Bousculés, ballottés en rafales, nous n'existons plus que par la force décuplée
 

des capricieux étés dont nous n'aurons été que le jouet idéal.
 

Eolienne furie, souffle infernal qui te propulses au ciel et te désagrèges
 

en milliers de poussières d'écume et de fractales lumières irisées d'arc-en-ciel :
 

 

Nul doute, c'est bien toi,
 

 

O VENT

 

qui exploses, balayes, bouscules, détruis, claironnes, tonitrues et

persifles sur nos têtes !
 

C'est le vent du mensonge

qui souffle, insuffle, aspire, inspire,

insulte, caresse, susurre et soupire,

c'est le vent des mirages

qui essaime en dansant

jusqu'aux sources des silences

qui effaceront ce soir la trace

de toutes nos assurances passées ...

 

BRUIT DU VENT :   ton rire de gorge répand ses humeurs sur la mer qui

dégorge ses peurs.

 

C'est bien lui,
 

 

ce diable méphitique

qui s'époumone derrière la falaise en hurlant dans sa corne,

déchire nos chemises, embrouille nos chemins,

multiplie nos doutes, égare nos destins,

décuple nos frayeurs, tétanise nos corps,

piétine nos bouquets,

se joue de nos serments et sonne la déroute !

 

Ainsi va le vent qui nous emporte au gré de ses caprices,

au souffle de ses envies, au grain de ses folies.

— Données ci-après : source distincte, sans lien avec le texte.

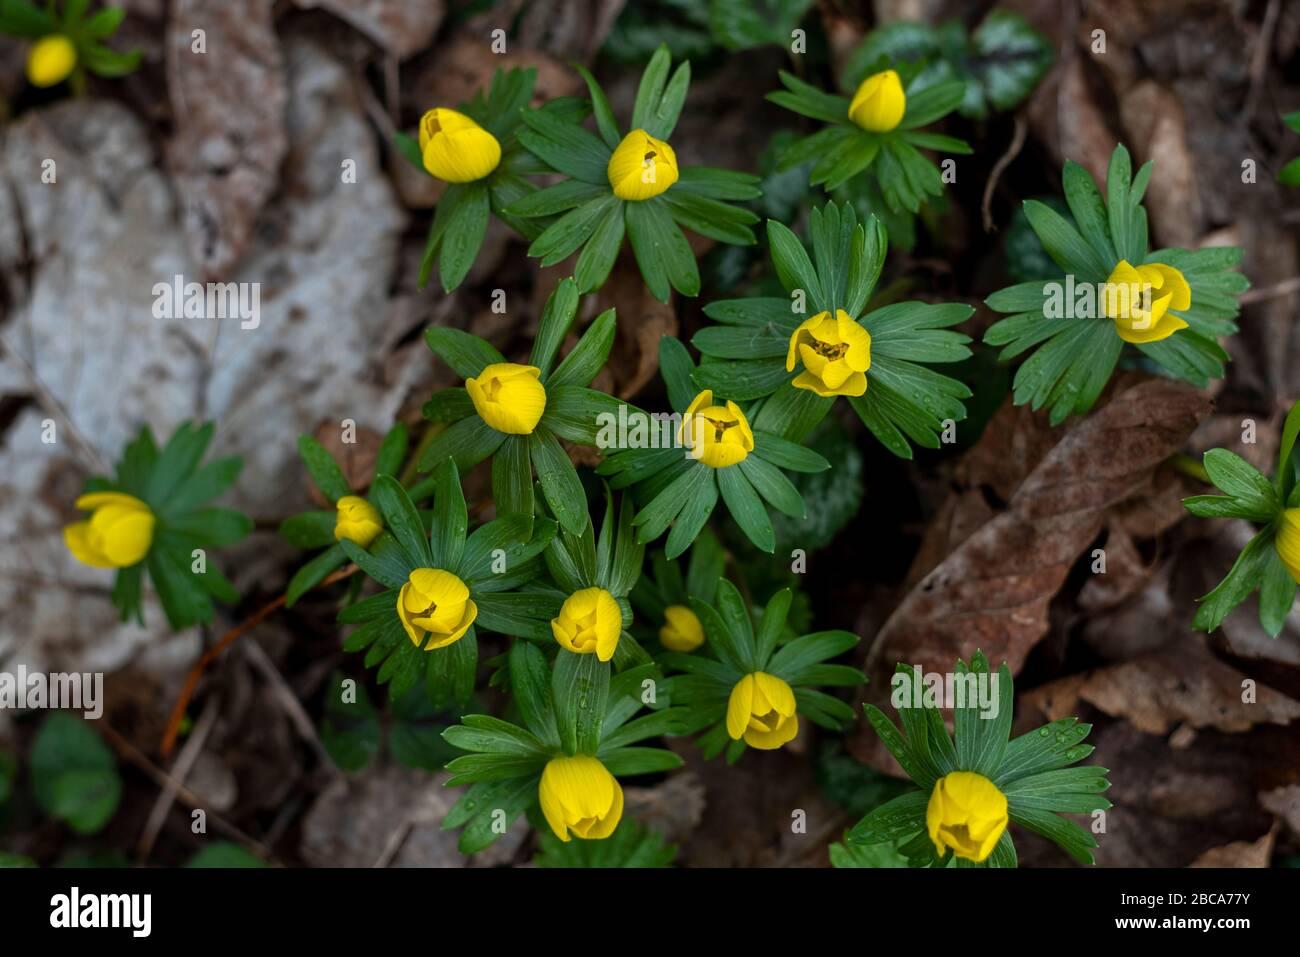 Winter aconites, signs of spring, Eranthis hyemalis Stock Photo

Il naît brusquement un jour,

s’invite un moment

puis repart sur la pointe des pieds,

en laissant à jamais dans nos cœurs

les stigmates de ses coups,

les griffes de ses ongles

 

et la trace indélébile de ses tempêtes.
 

 

Après le bruit du vent vient le silence.

Le pesant, l'omnipotent, le tout-puissant silence.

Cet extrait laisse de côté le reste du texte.